Утром на стареньком «Москвиче» уезжал Салман в Грозный, где работал в университете. Дети шли учиться, Шамиль - на электростанцию. Лейла, жена Салмана, - в школу, где была завучем. Олеся оставалась с дедушкой Вахидом и бабушкой Патимат. Обед готовился на две семьи, поэтому там, где полагалось быть забору, стоял большой деревянный стол с лавками, и общая трапеза вечером была лучшим временем для разговоров на все темы.
Здесь и сейчас
Я мою чашки после ужина. «Тамань, - слышу я, - самый скверный городишко их всех приморских городов России». Что это со мной? Говорю вслух? Нет, я молчу. Я слышу. Говорит мужчина, который не соглашается с Лермонтовым, потому что проходил в Тамани практику и любил сидеть там на камнях у самого моря, как на носу корабля, и в каждой девчонке видел Ундину, и этого миража ему хватало для любви к неказистому городку.
Вообще видение, мираж, говорил мужчина, это не ерунда, это знаки живого неба, которое смотрит на нас, то удивляясь нам, то возмущаясь. Ведь это же дурь - подозревать, будто мы лучшее, что придумал Аллах. Посмотри на карагач - сколько достоинства, и никакого зла никому. А уж конь… Царь!
Я стою замерев. Голос исчез, но остался запах чая (а у меня кофе), женские неясные голоса… И еще голубая ниточка, она идет от меня, из меня, мимо меня, и я спокойно отодвигаю ее ладонью. Она - никакая, она - тоже мираж. Я понимаю, что камень и эта паутинка - единое целое.
Утром я решаю выбросить камень. Господи, что мне мало проблем с реальной жизнью? Промокают сапоги, у мужа болит спина - остеохондроз, ночью он стонет от боли. Сын звонит редко. Я понимаю, дорого - заграница, но каждую минуту смотрю на телефон. Так вот, я иду выбрасывать камень, паутинка как бы цепляется за телефон, и я слышу голоса внуков, родные голоса на чужом языке. И бас сына. Русский бас, воспитывающий детей. Я сержусь на сына за раздраженный тон и тут же звоню сама, хотя они все в сборах на работу, в детский сад. Мне же было сказано: «Мамуль! Звони, но только не утром. Утром мы в мыле».

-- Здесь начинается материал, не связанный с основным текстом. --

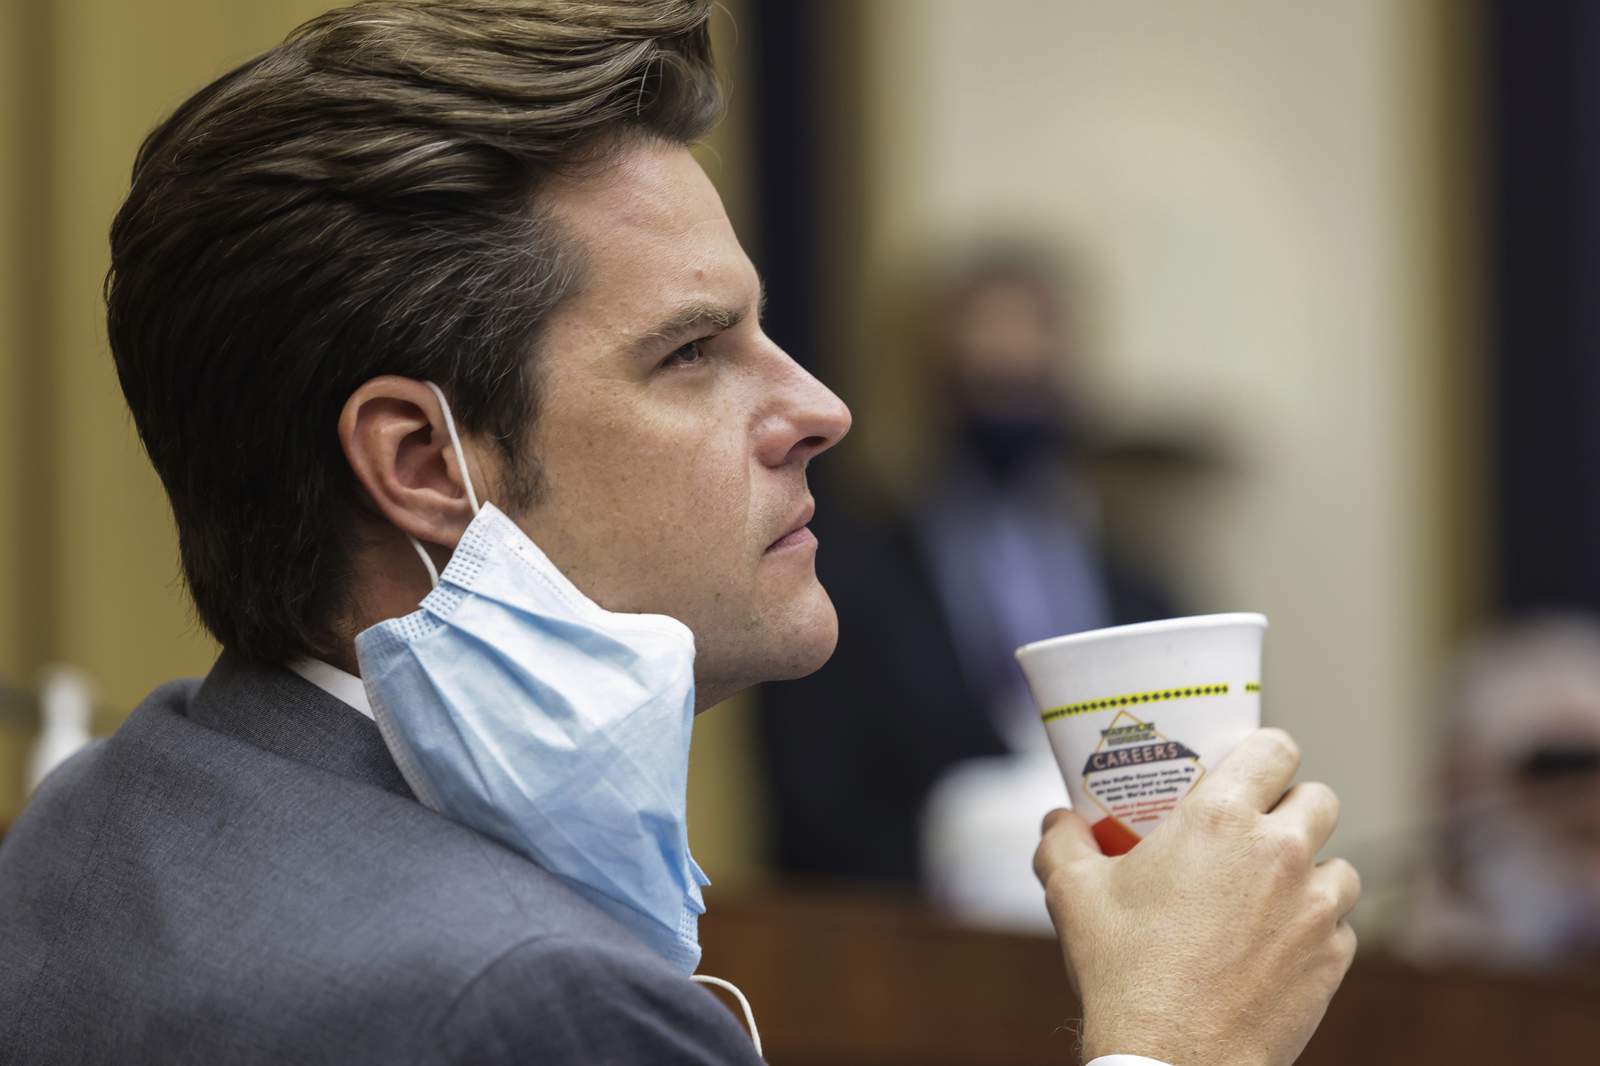 House ethics: Gaetz broke rules, not law, with Cohen tweet

Я кладу трубку. Я ведь уже знаю, что все в порядке, зачем мне электрическое подтверждение, когда есть у меня другое? И все-таки, все-таки… Надо бы сходить к невропатологу. Но, боже, какая она дура, наш невропатолог! Она будет говорить, что при Сталине мы были все здоровы, человек не раздваивался и растраивался на число партий, на количество мнений. Это вредно и опасно - расчленение, мысль должна быть одна. Мысль - стержень. Знала бы ты, дура, что мысль - голубая паутинка, она из ничего, но она все. И ладно, и пусть, пусть я буду сумасшедшая. Никуда не пойду.

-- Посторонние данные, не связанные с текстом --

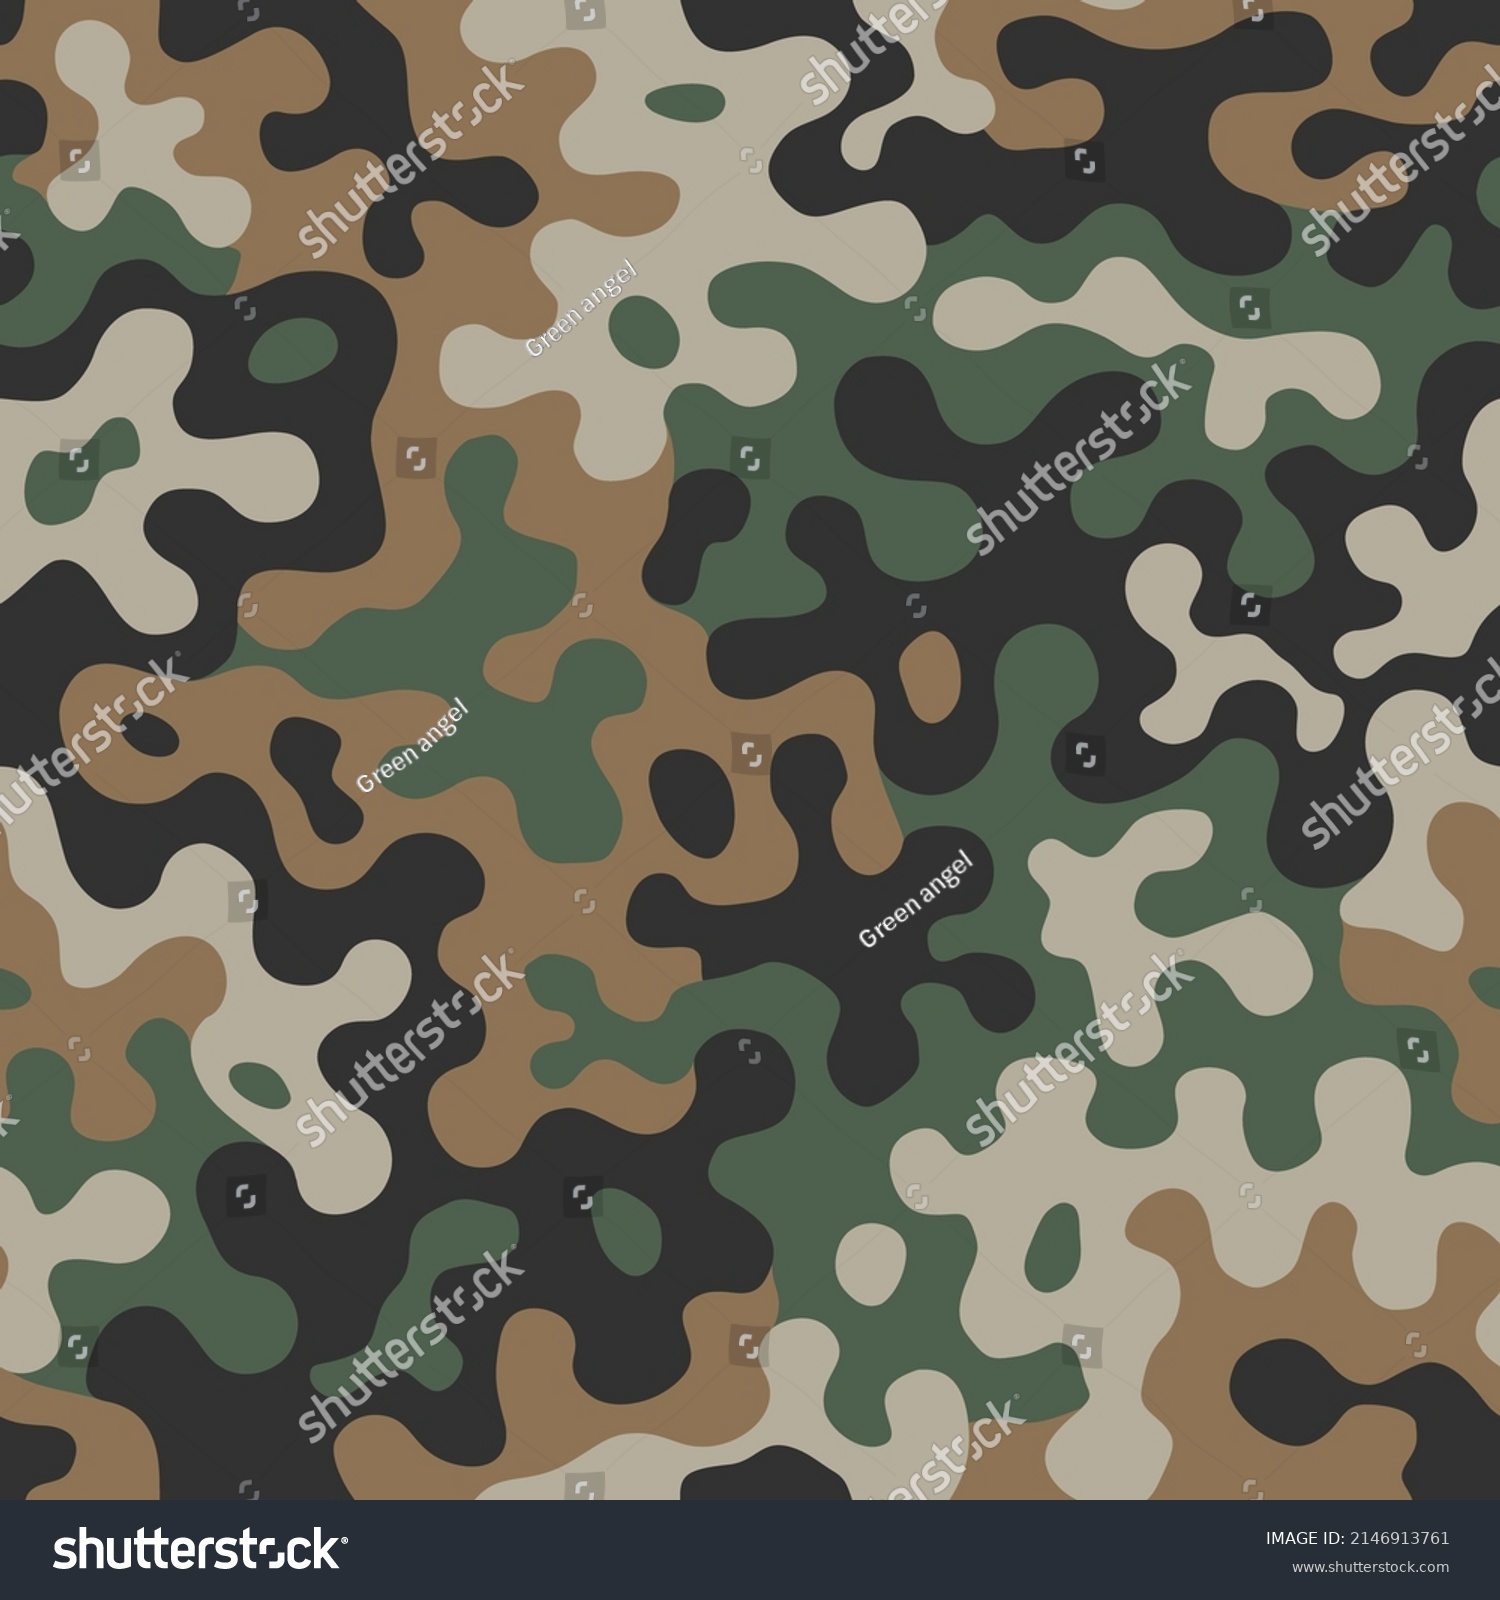 Military Emerald Green Camouflage War Repeats Stock Vector (Royalty ...

Я ложусь на подушку. Она горяча. Я трогаю свой обломок, он прерывисто дышит. И я слышу, как где-то далеко-далеко стреляют… Это в том дворе пахнет чаем и идут разговоры о разном, то о Лермонтове, а то о месячных у какой-то Тамары.
Кто ты, обломок? Зачем ты мне?…
Где-то в России…
Месячные у Тамары были не по правилам бурными - она даже не заметила, встала из-за стола, а все платьишко сзади в крови. Женщины загородили девочку и увели в дом, а мужчины говорили про свое. «Срам, - говорит дед. - Сколько полегло в Афганистане, а надо было англичан спросить, прежде чем лезть туда». «Идиоты. Они в Кремле идиоты», - говорил Шамиль. А мальчики на улице играли в будущую войну, потому что без войны жизни не бывает. Так что ж они - не мужчины? Им ведь уже по пятнадцать лет.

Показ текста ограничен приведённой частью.